Key difference: Datarax uses JAX arrays and provides declarative configuration instead of imperative code.

Coming from TensorFlow?¤

TensorFlow tf.data	Datarax
`tfds.load('mnist', split='train')`	`HFEagerSource(HFEagerConfig(name='mnist', split='train'))`
`dataset.shuffle(buffer_size=1000)`	`shuffle=True` in config (O(1) index shuffle, no buffer)
`dataset.take(1000)`	`split='train[:1000]'` syntax
`dataset.skip(1000)`	`split='train[1000:]'` syntax
`dataset.map(fn).filter(pred)`	Chain operators by passing them in the `stages=[...]` list

Files¤

Python Script: examples/integration/huggingface/02_hf_tutorial.py
Jupyter Notebook: examples/integration/huggingface/02_hf_tutorial.ipynb

Quick Start¤

# Run the Python script
python examples/integration/huggingface/02_hf_tutorial.py

# Or launch the Jupyter notebook
jupyter lab examples/integration/huggingface/02_hf_tutorial.ipynb

Part 1: Understanding HFEagerSource Configuration¤

HFEagerConfig provides extensive options for loading HuggingFace datasets.

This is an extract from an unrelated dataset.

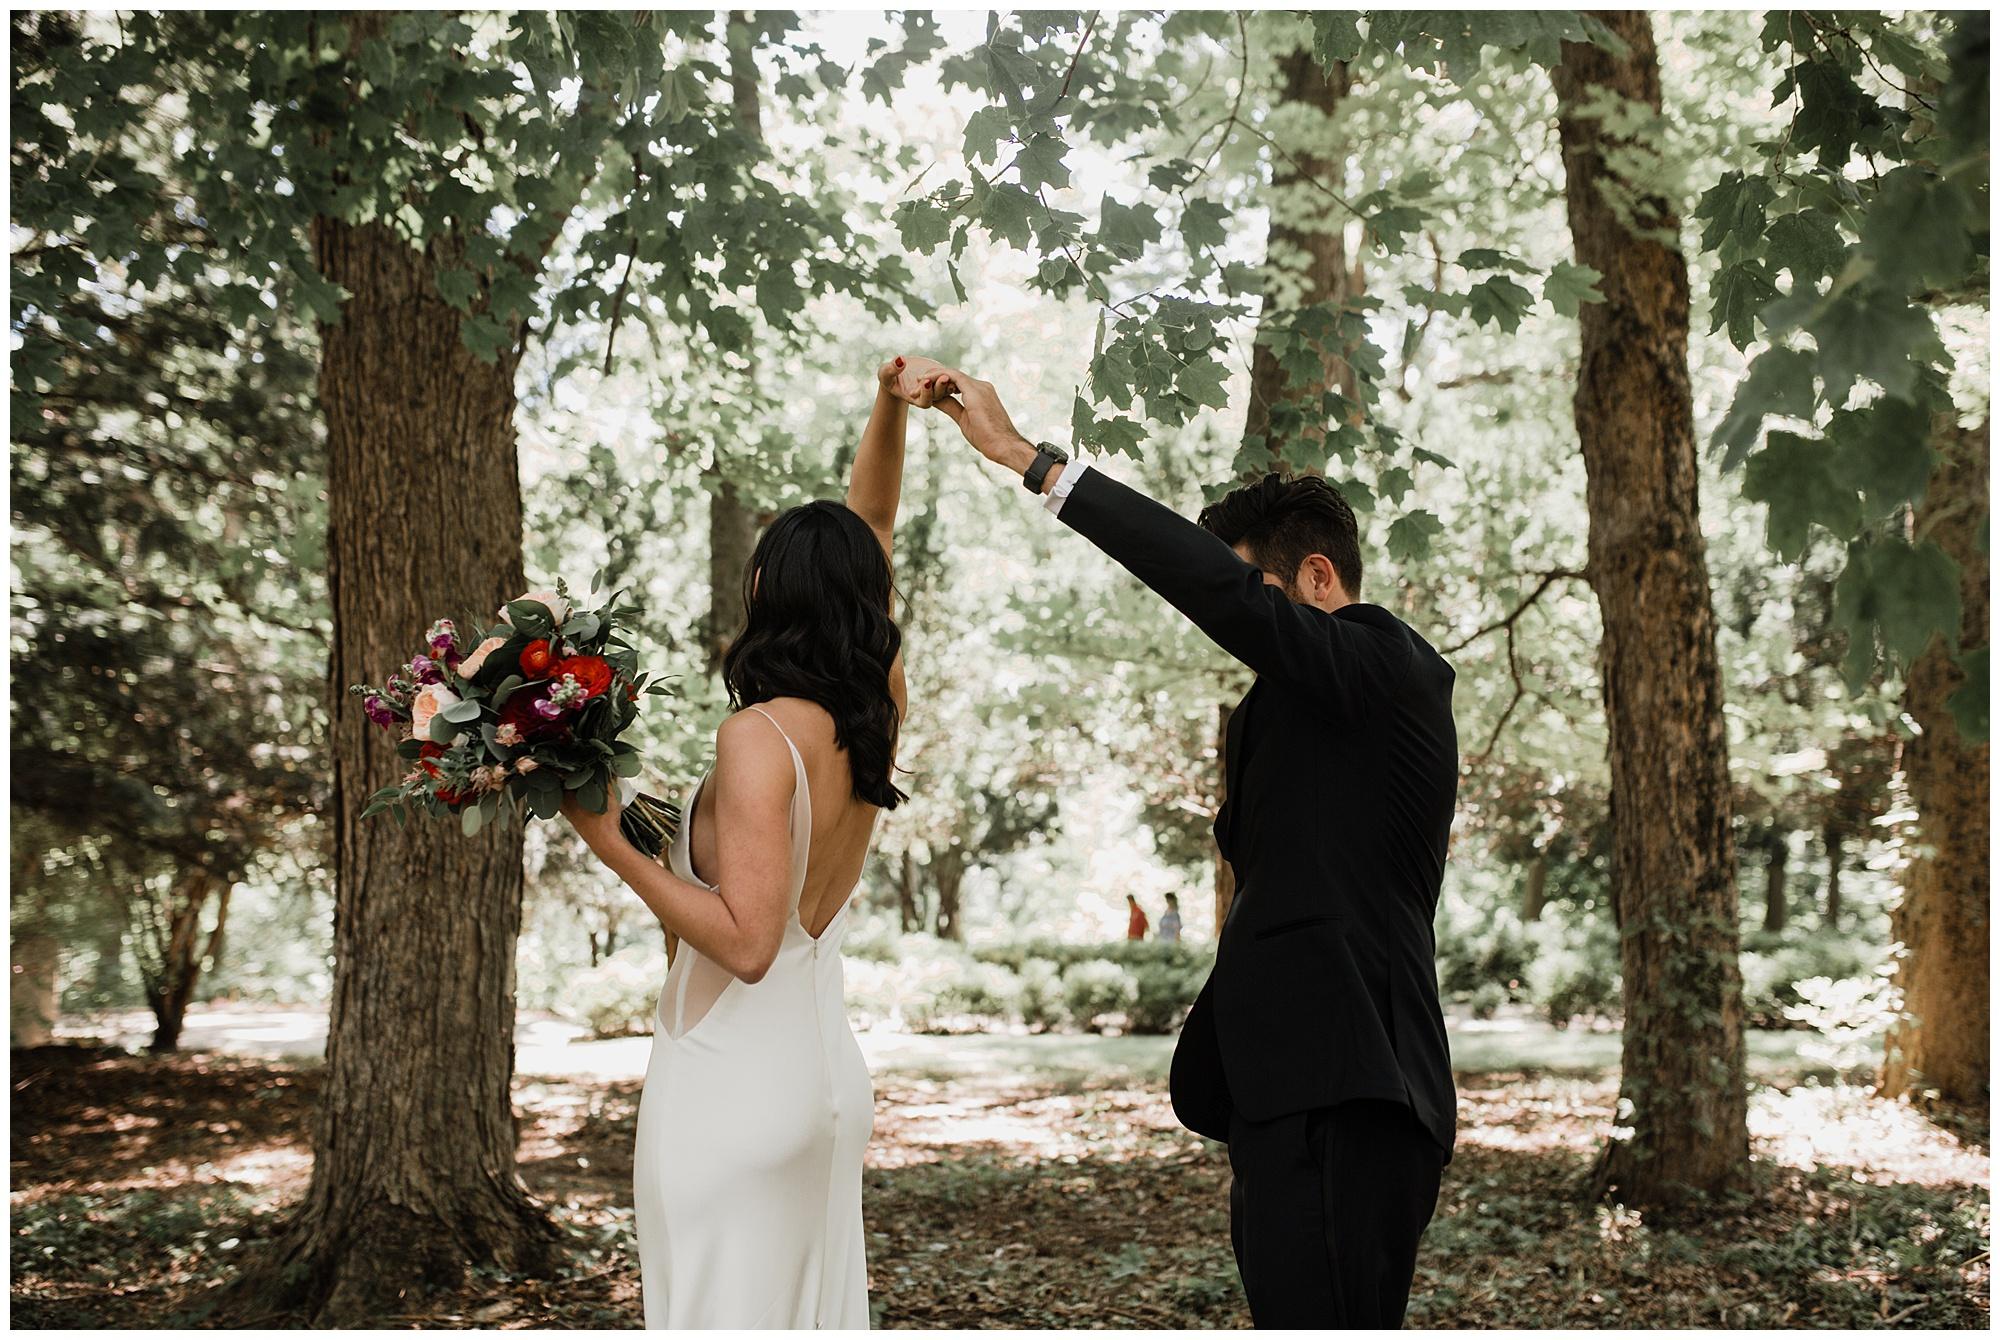 allerton_park_wedding_champaign_il_chicago_wright_photographs_ne_0052.jpg
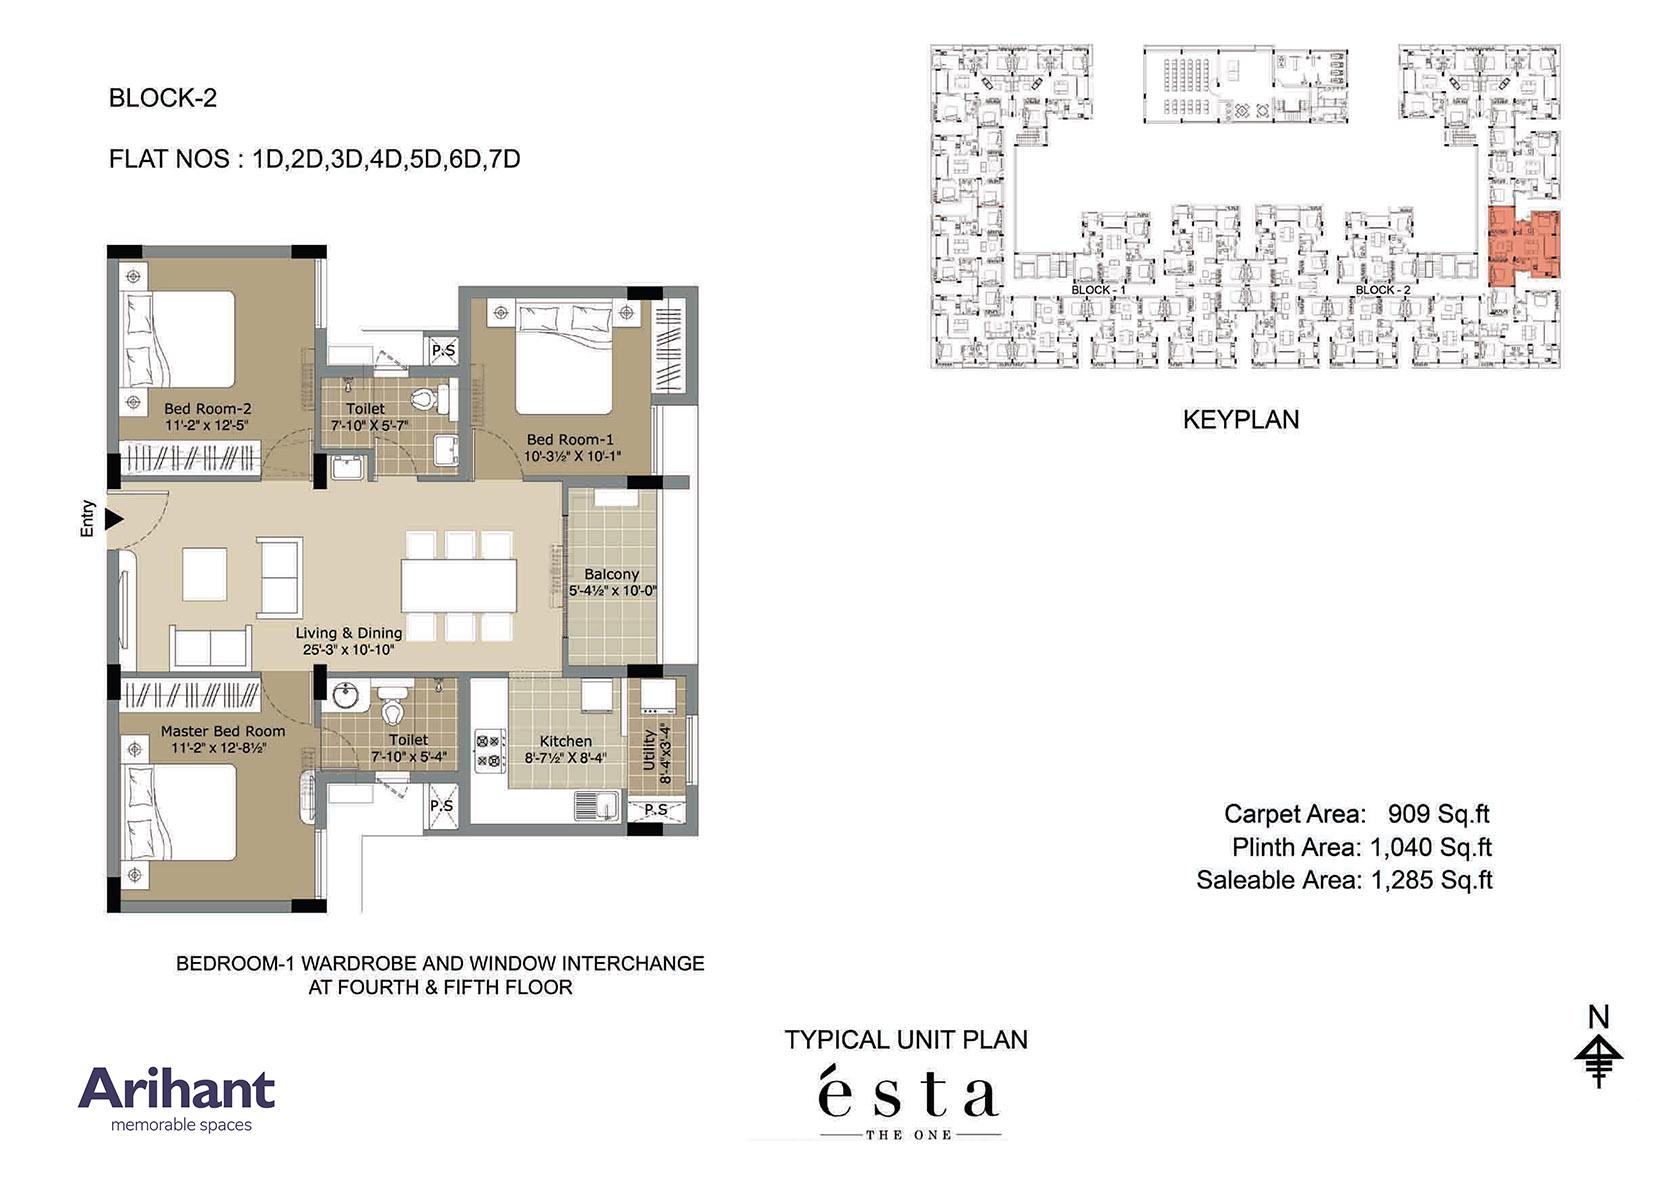 Arihant - Esta_Typical Unit Plan - Block 2 - Type D

Note: You can also use the factory function from_hf(name, split, ...) which auto-selects between eager and streaming modes.

Key Configuration Parameters¤

Parameter	Description	Default	Example
`name`	Dataset identifier on HF Hub	Required	`"mnist"`, `"stanfordnlp/imdb"`
`split`	Which split to use	Required	`"train"`, `"test[:1000]"`
`shuffle`	Enable shuffling	`False`	`True` for training
`include_keys`	Only include these fields	`None`	`{"image", "label"}`
`exclude_keys`	Exclude these fields	`None`	`{"metadata", "id"}`
`seed`	Integer seed for shuffling	`42`	`0`, `123`

Auto-derived internals: stochastic and stream_name are not user-set knobs. When shuffle=True, the source uses the RNG stream named "shuffle" (with stochastic=True); otherwise stream_name defaults to None. Eager shuffling is an O(1) Feistel index shuffle, so there is no shuffle buffer in eager mode.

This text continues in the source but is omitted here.